Powering Devices within the Body



  • It appears that TI chip is for LF (134kHz). Any leads on similar chips operating at 13.56MHz?
  • it appears that there are chips operating at that frequency, providing a high output power. but they don't include any useable communication channels and from what i see, most of them have a standby current i'd rather avoid. if we go for higher frequency power transmittion, my guess would be we'd need a 2-antenna sollution. one for charging, one for communication.
  • Yeah, a few of the datasheets I've come across use separate chips and coils for high-frequency communication.

    Is there a particular reason you're interested in high-frequency solutions?  It seems to me that that would be a bit more challenging to implement.

    When looking for chips, I would suggest searching sites like TI and Atmel for immobilizer solutions; designed for wireless car keys, these typically have small footprints, low power consumption and often come with cryptographic features onboard (which is to me a strict requirement for anything implanted that has a wireless interface.)
  • flexible capacitors that can be made at home


    and an over view of the paper:

    I can't really think of how to use these, but I thought I'd post them because someone might think of a good use case.
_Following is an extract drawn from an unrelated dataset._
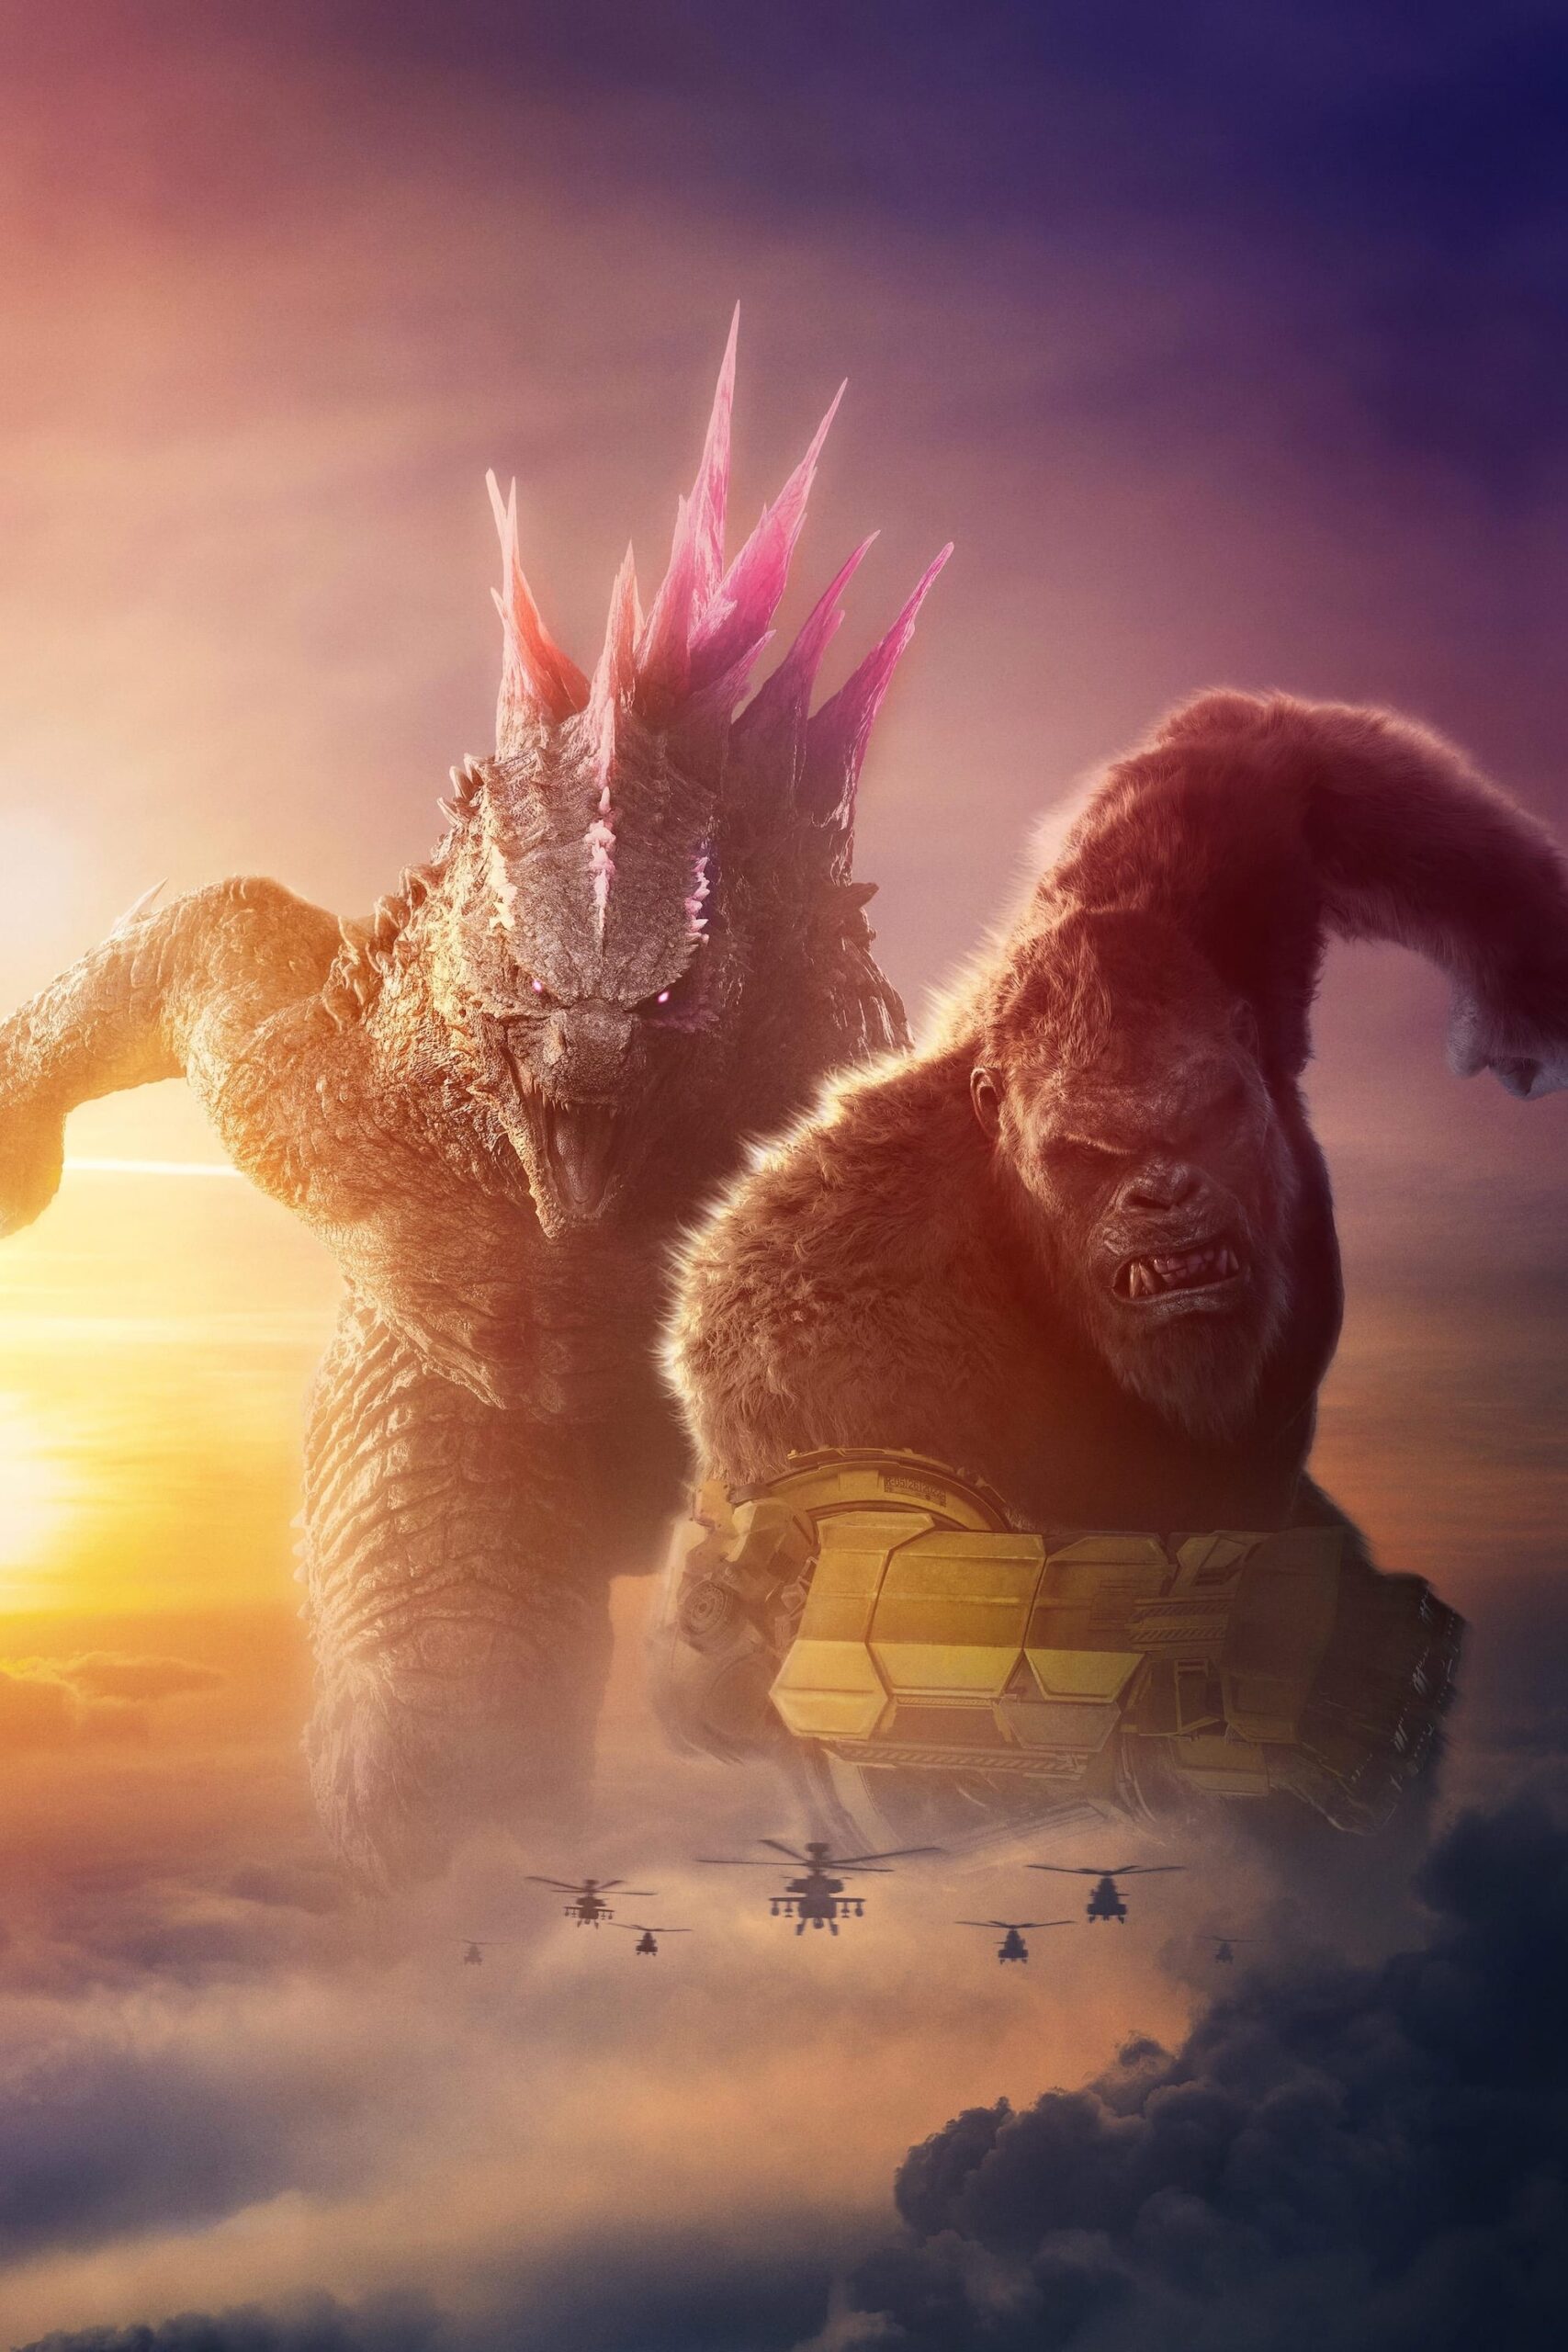 گودزیلا و کونگ: امپراتوری جدید (Godzilla x Kong: The New Empire)

  • Amal, are you looking at 13.56 MHz because it is the frequency used for NFC in Android cell phones?  I would be interested in this if it would also work with Windows Phone 8.  The problem is that cell phone manufacturers are extremely power-conscious regarding NFC in order to minimize battery drain on the phone.  I'm not sure they'd look too kindly at increasing the duty-cycle of NFC polling.  It might be more viable to use an external NFC device attached to a PC or Mac.  I could research that if you'd like.
  • Kinetic energy sources have been discussed before, but this is the smallest one I've seen. Although I am a bit worried that the flesh around it could dampen the vibrations too much.

  • Hi @mkabala, yes the idea is to be able to use NFC interrogation cycles (particularly peer to peer mode) to top-up subdermals using your phone, possibly only for emergencies. The primary charging method would be a dedicated power induction system you'd plug into USB or the wall socket.
  • thread-necro time!

    Adding to the discussion. One practical for harvesting mechanical energy from a pendulum motion could be tiny stepper motors. Adding a free-wheeling angle bigger than the full-step angle of the motor allows the pendulum to snap the stepper from one step to the next. It's a bit jerky in motion so probably not the most comfortable choice. On the pro side there are no gears, slip contacts or other mechanically or electrically frail structures. The output voltage is pretty much spikes. But the voltage of the spikes is high enough to simply rectify them and charge a capacitor.
  • Steppers don't do anything better than brushless motors would, other than taking a higher torque to step. If you have that much torque a sliding weight would be better.
  • steppers do better in one regard. they "snap" between steps, causing a quick change in magnetic flux in their driver coils. Which means you can get usable voltage even from nearly zero rpm. torque is a different matter, you can get steppers with different reluctance torque.